很快,凉女便做好了几个下酒菜,两人和着几碟小菜,吃得也很是欢愉。
酒过三巡,冷自扬抬头,幻视一周,终于道,“二十三年没见,哥哥嫂子可好?”冷自扬神色沉敛,复杂道。
“不好……我们很不好!”一边的凉女见机立马凑了上去,她一早便见冷自扬穿着不凡,相必出去一定赚了大钱。
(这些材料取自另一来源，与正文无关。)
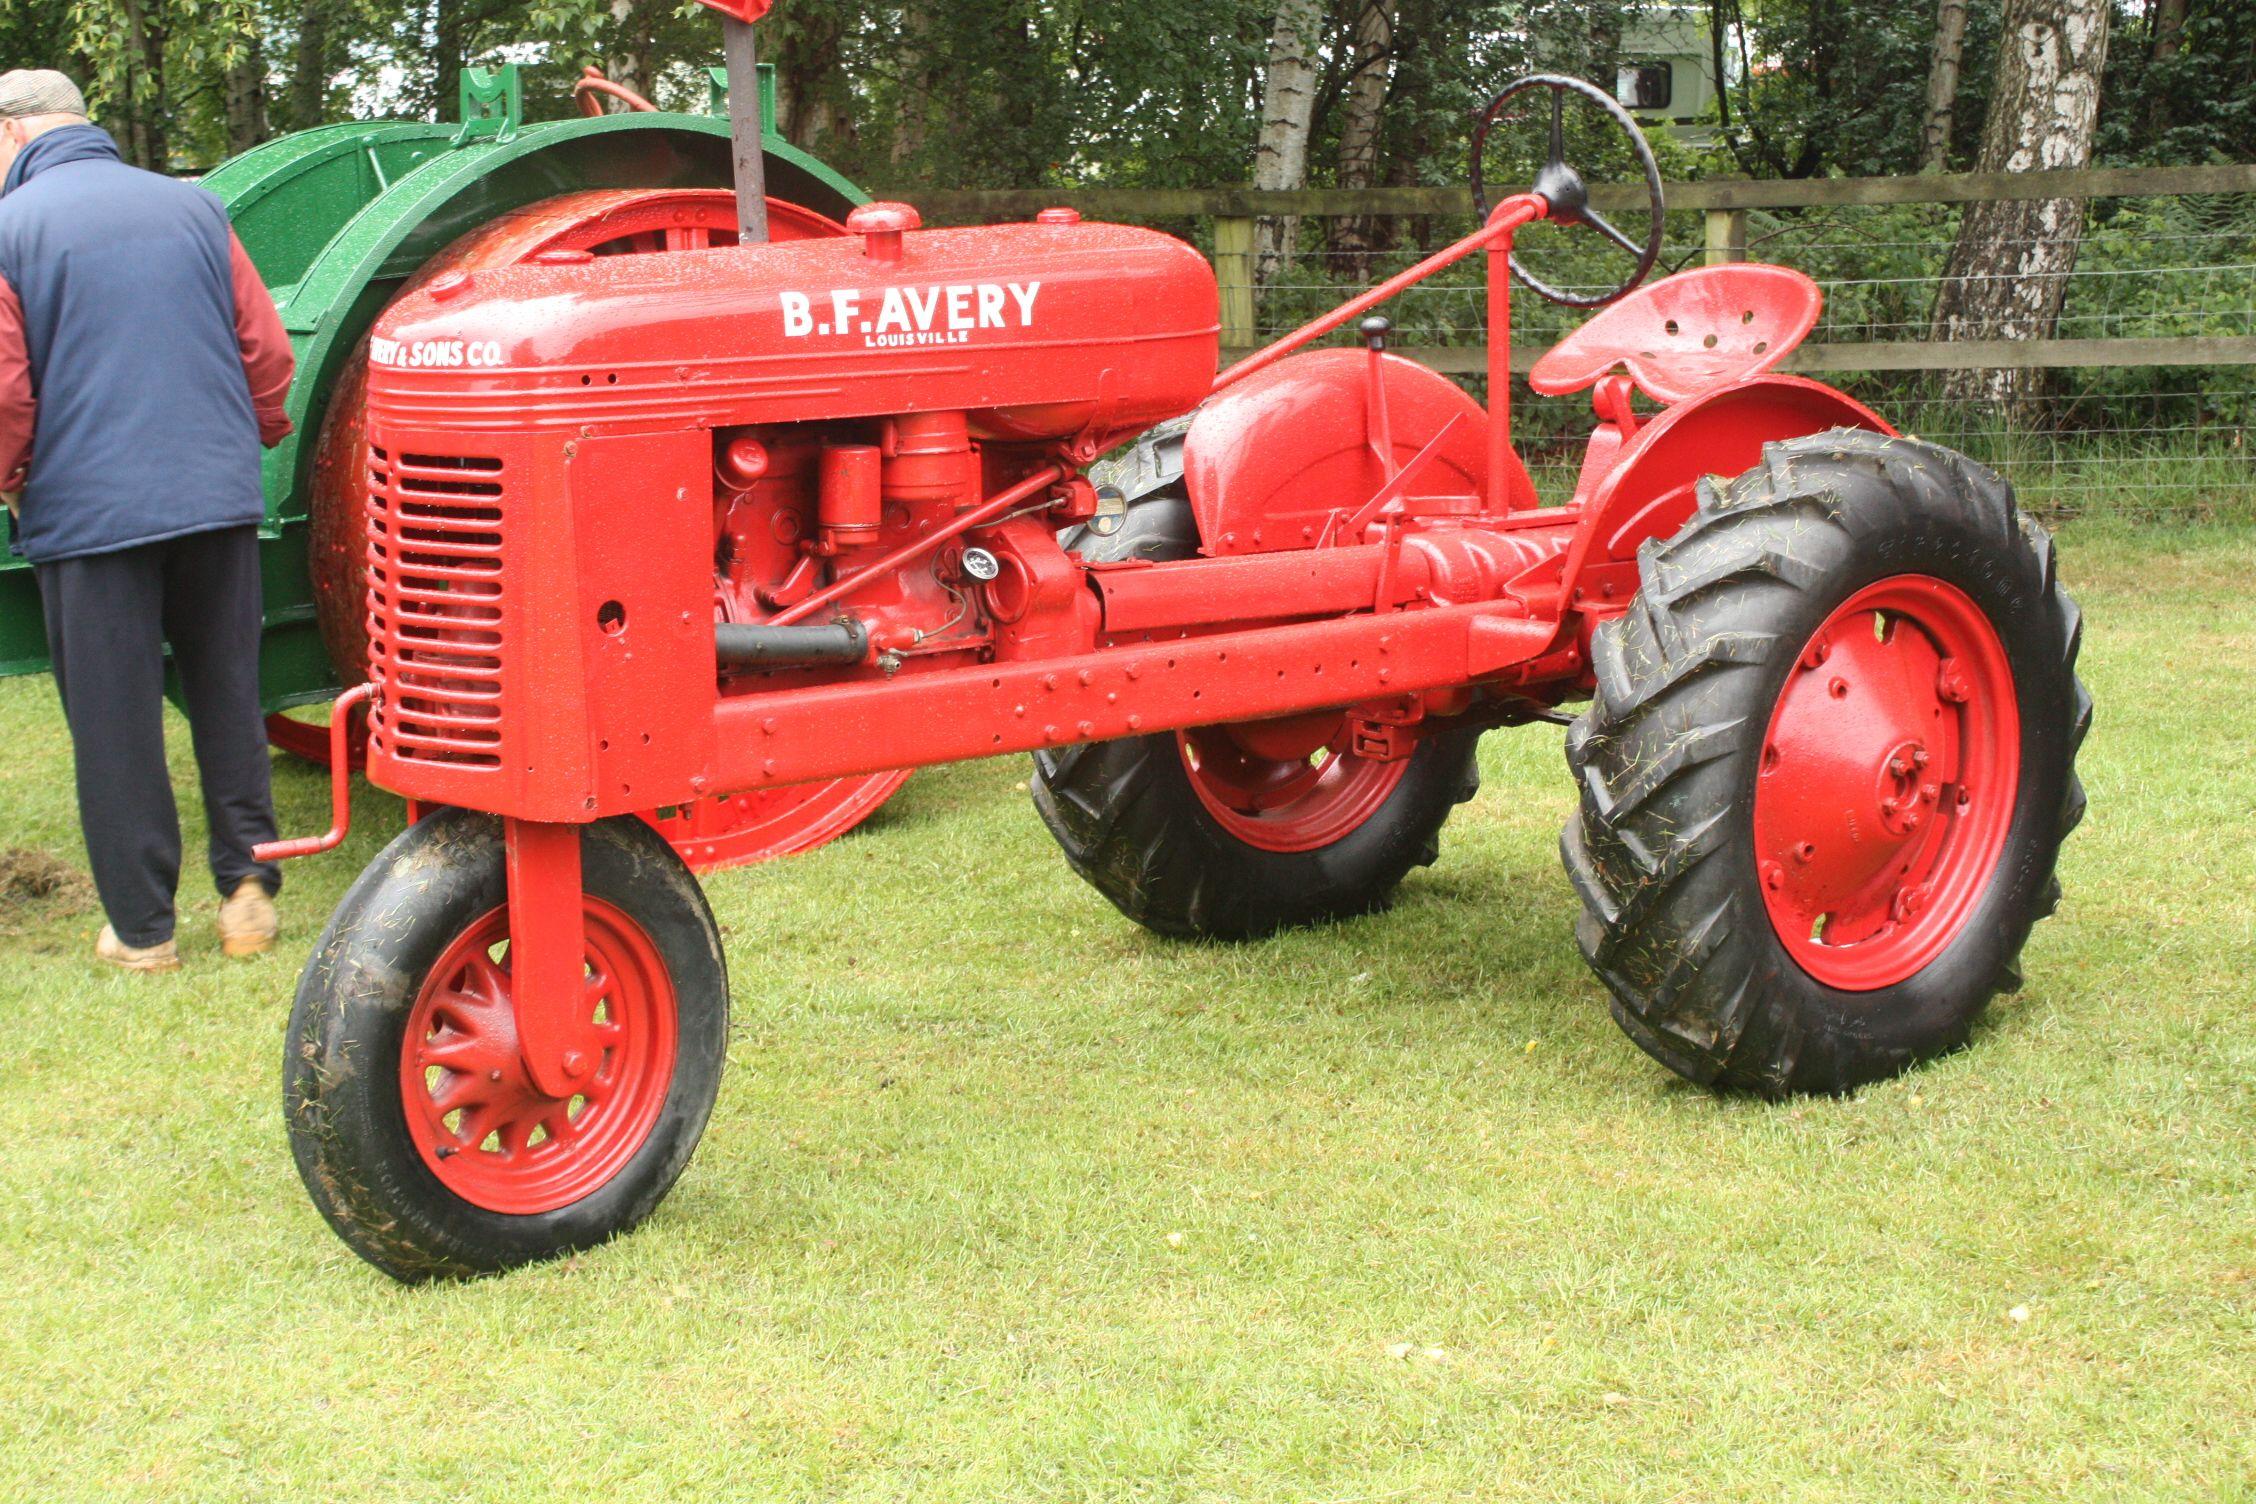 Kubota tractors for sale in kentucky - Tractor

于是,也不顾丈夫的反对,直接扑了上去,丝毫没有任何避讳地拉着冷自扬道,“自扬……你听嫂子说。”
还未开口,凉女便是一副欲语泪先流的样子,看着一旁的冷自练直跺脚,只感丢人,他与这婆娘相处几十年,焉能不知道她的脾性,然而,面对着自小玩伴,一起长大的自扬,冷自练原本愧疚的情绪接连上涨。
第三百章 冷自扬(下篇)()
“自扬……自扬……”完全忽视一旁男人的制止,凉女直接扑了上去,径直拉住冷自扬的手心,触手温凉,竟是一种说不出的柔软舒适。仿佛是一个豆蔻年华少女的冰若肌肤,凉女心中一叹,同样都是人,为何人与人的差距那么大。这双手一看就是受过良好保养的,哪像自己……不过才四十好几的人,手与脸几乎都要拧巴在一起了……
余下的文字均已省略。